Aim of the exercise: Working through the data below, reproduce word for word the line with "cassette audio transparente" and every line after it, both ends included, and omit the pictures.

Source data:
%%
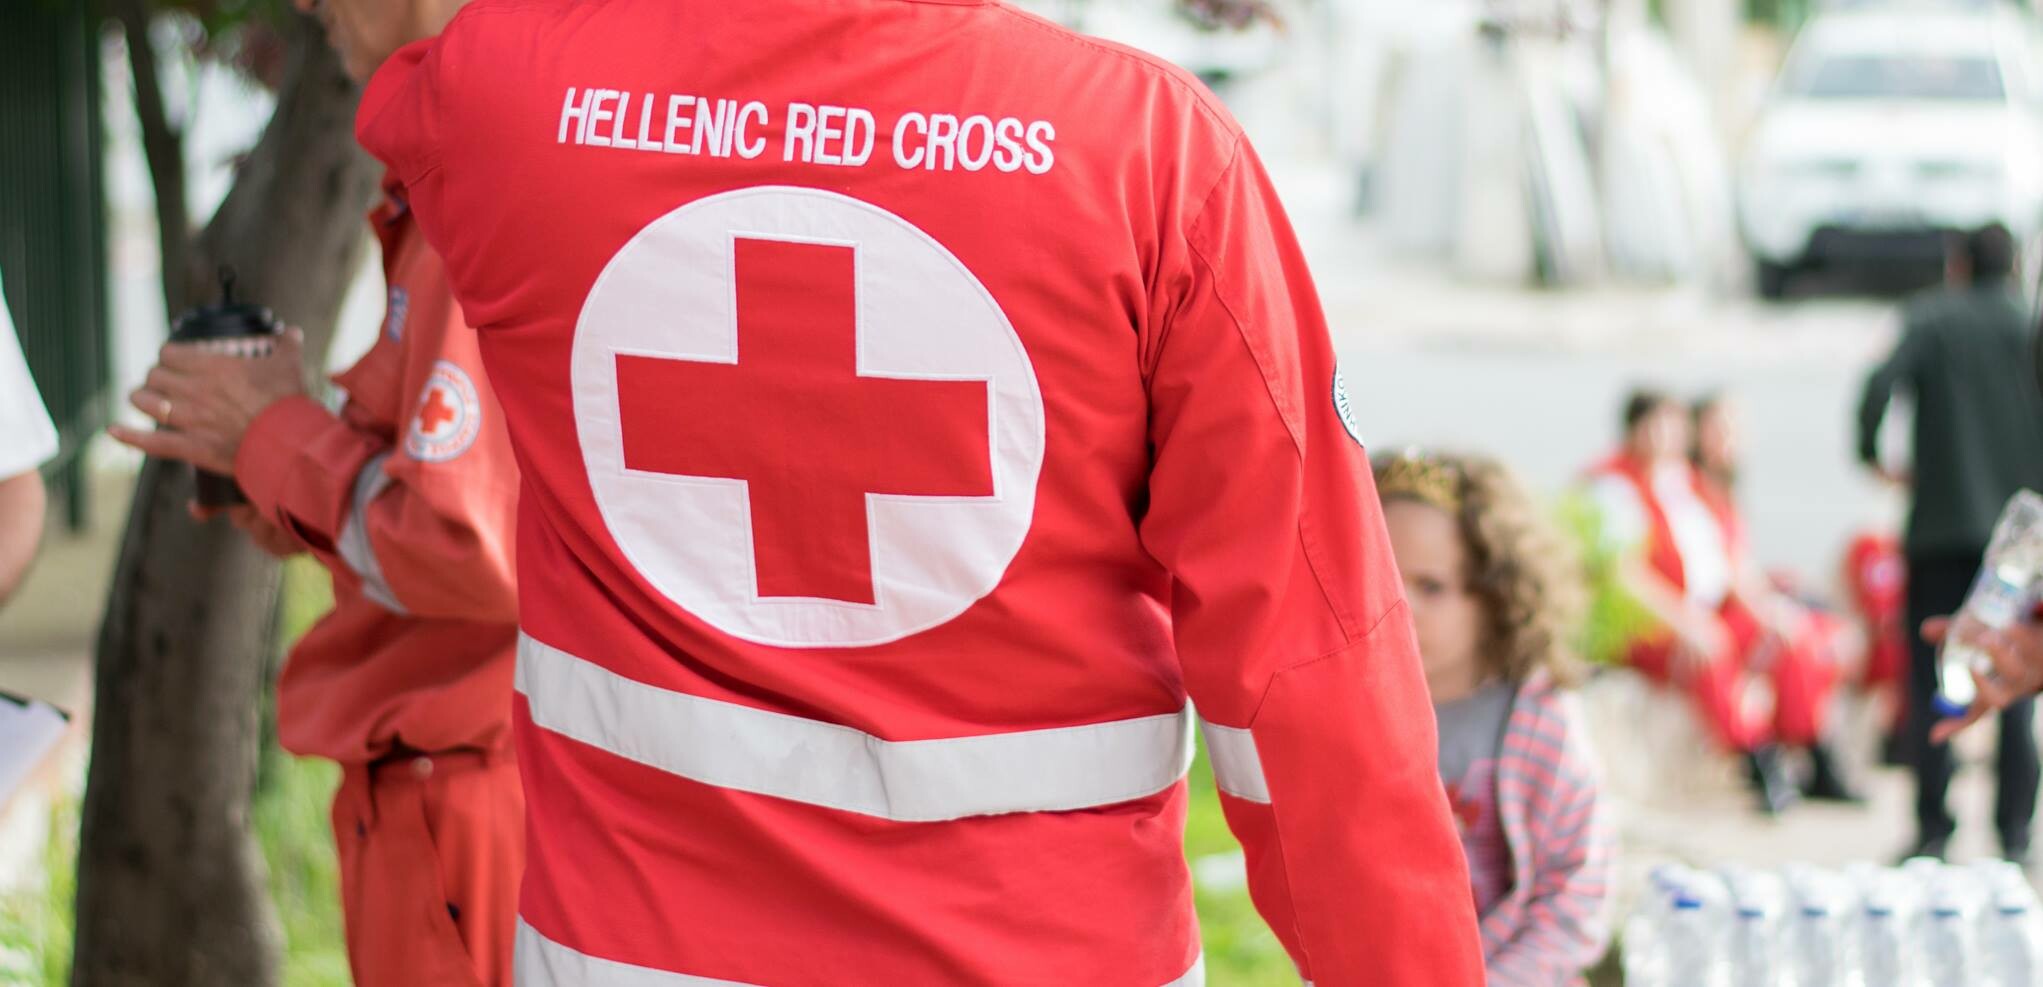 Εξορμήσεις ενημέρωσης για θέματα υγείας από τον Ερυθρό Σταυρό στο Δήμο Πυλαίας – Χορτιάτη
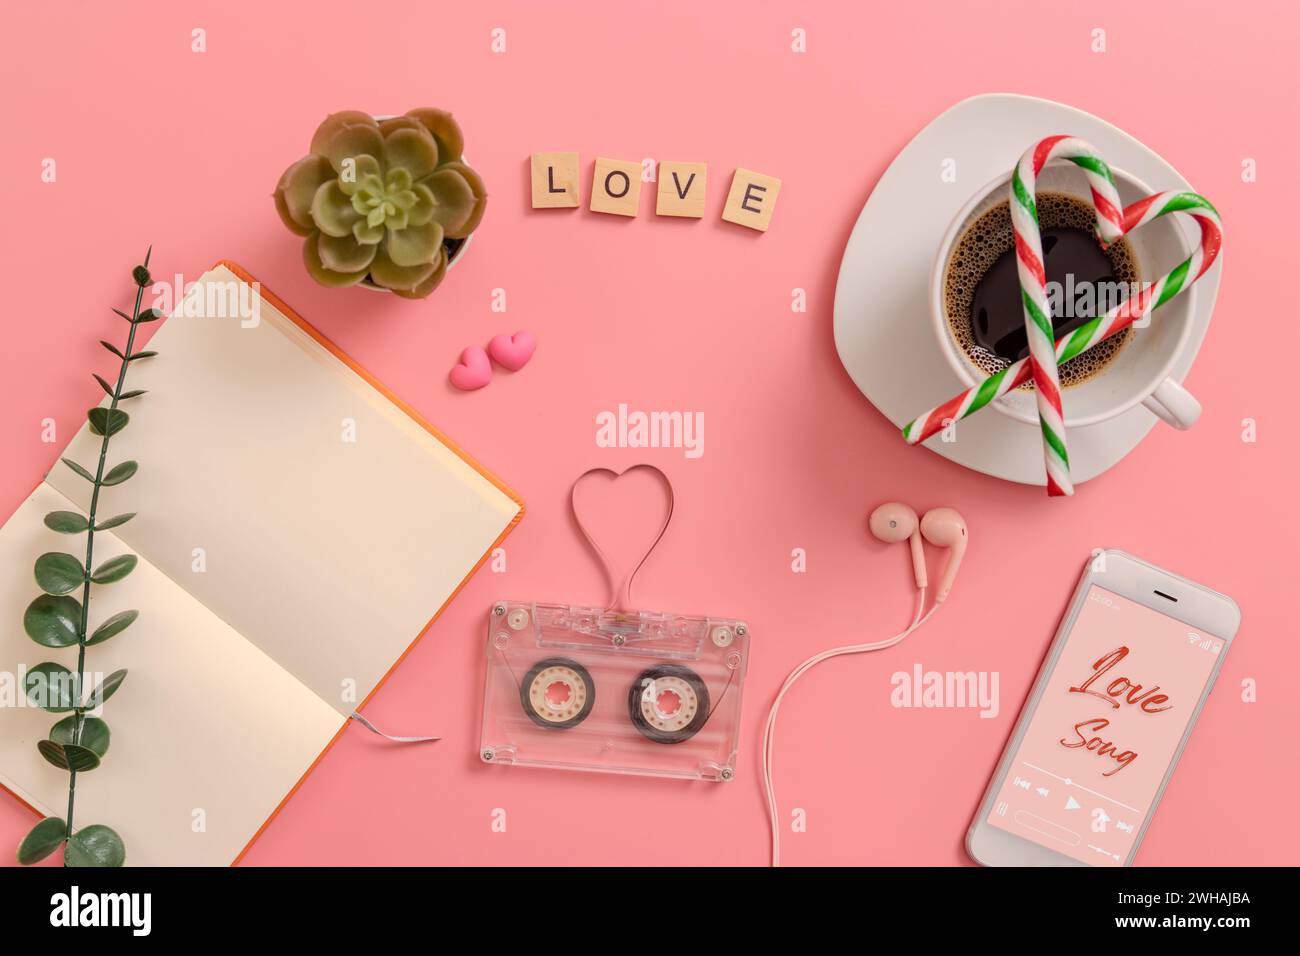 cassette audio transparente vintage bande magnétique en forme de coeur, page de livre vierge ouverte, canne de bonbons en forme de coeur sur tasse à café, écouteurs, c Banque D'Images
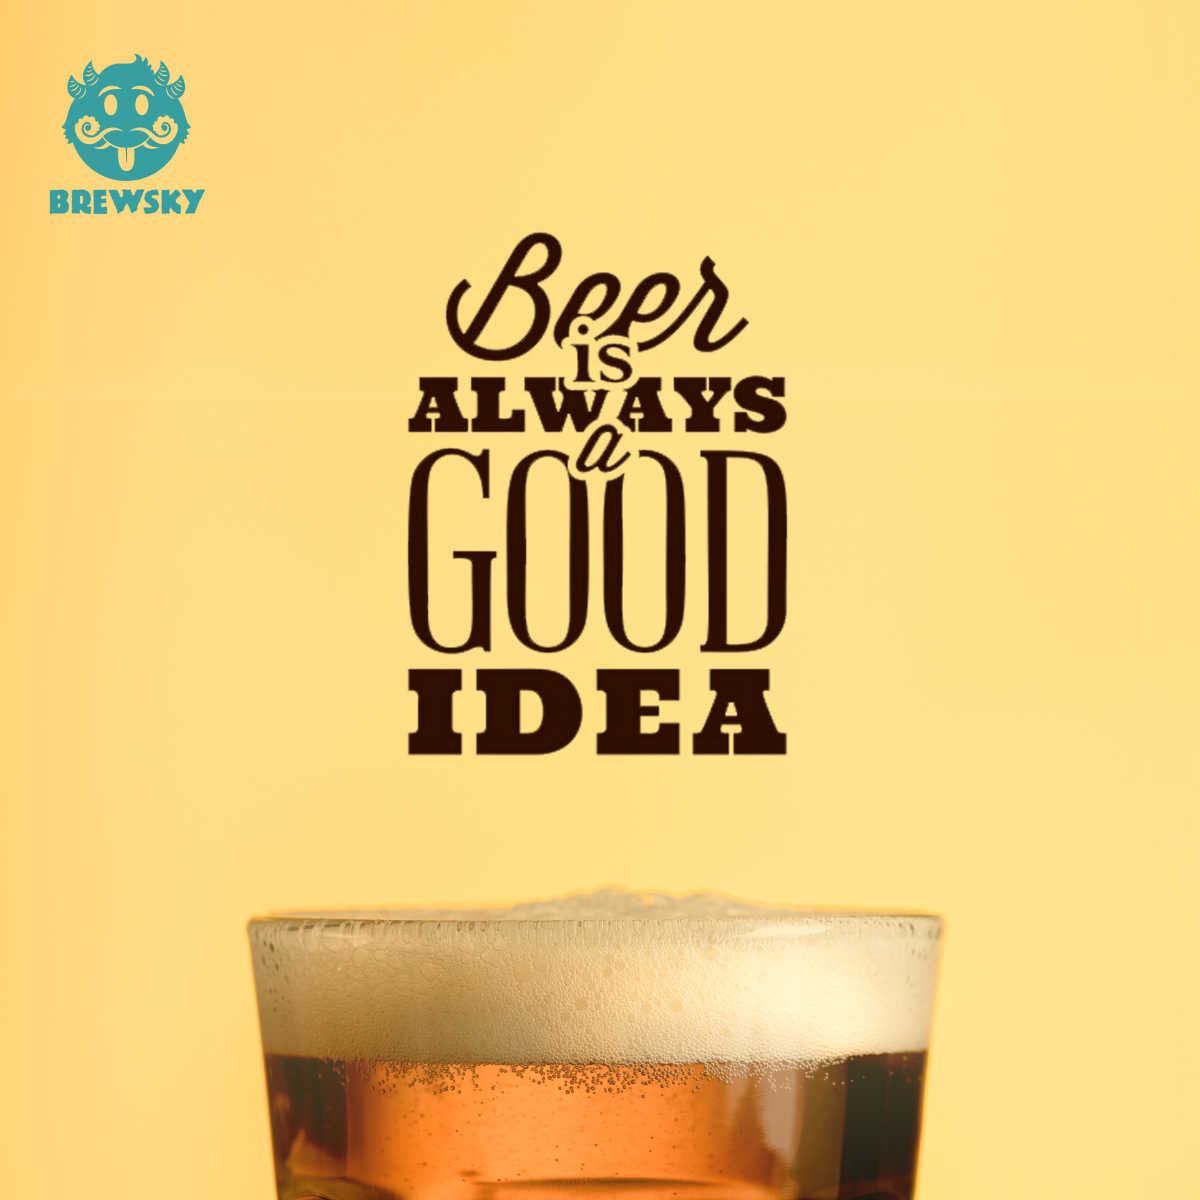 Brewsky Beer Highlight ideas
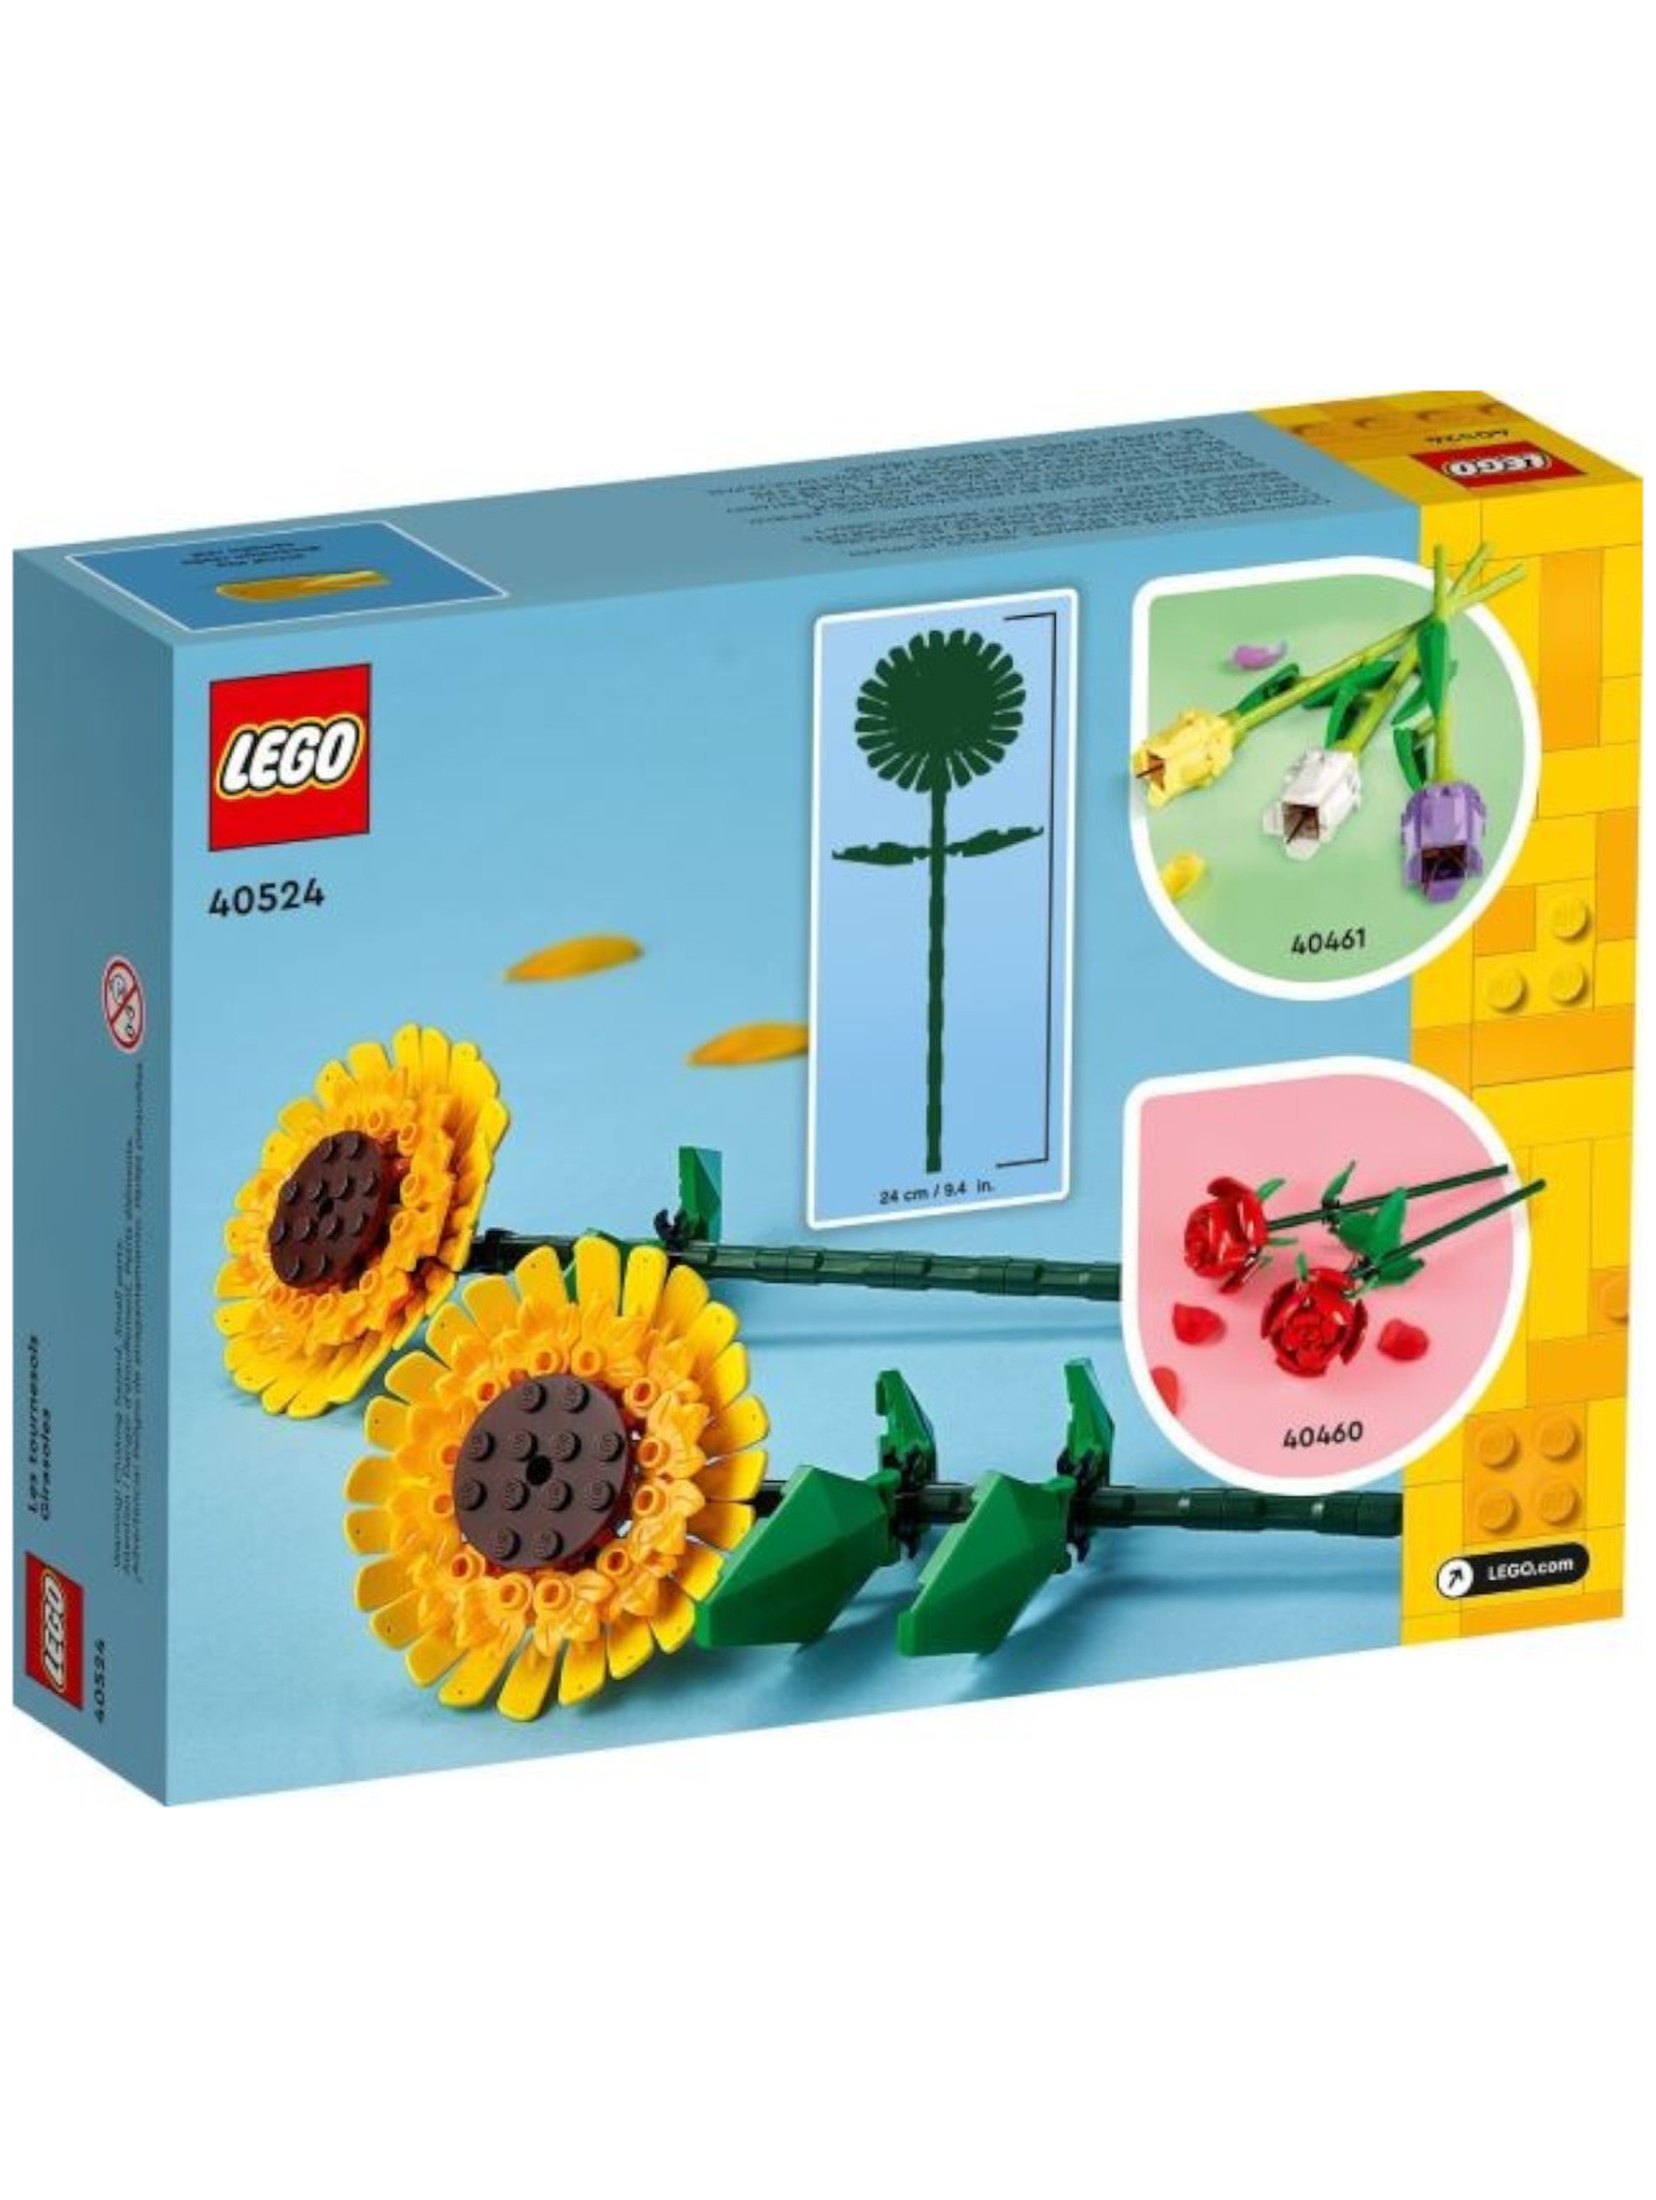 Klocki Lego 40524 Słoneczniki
%%
Exercise response:
 cassette audio transparente vintage bande magnétique en forme de coeur, page de livre vierge ouverte, canne de bonbons en forme de coeur sur tasse à café, écouteurs, c Banque D'Images
 Brewsky Beer Highlight ideas
 Klocki Lego 40524 Słoneczniki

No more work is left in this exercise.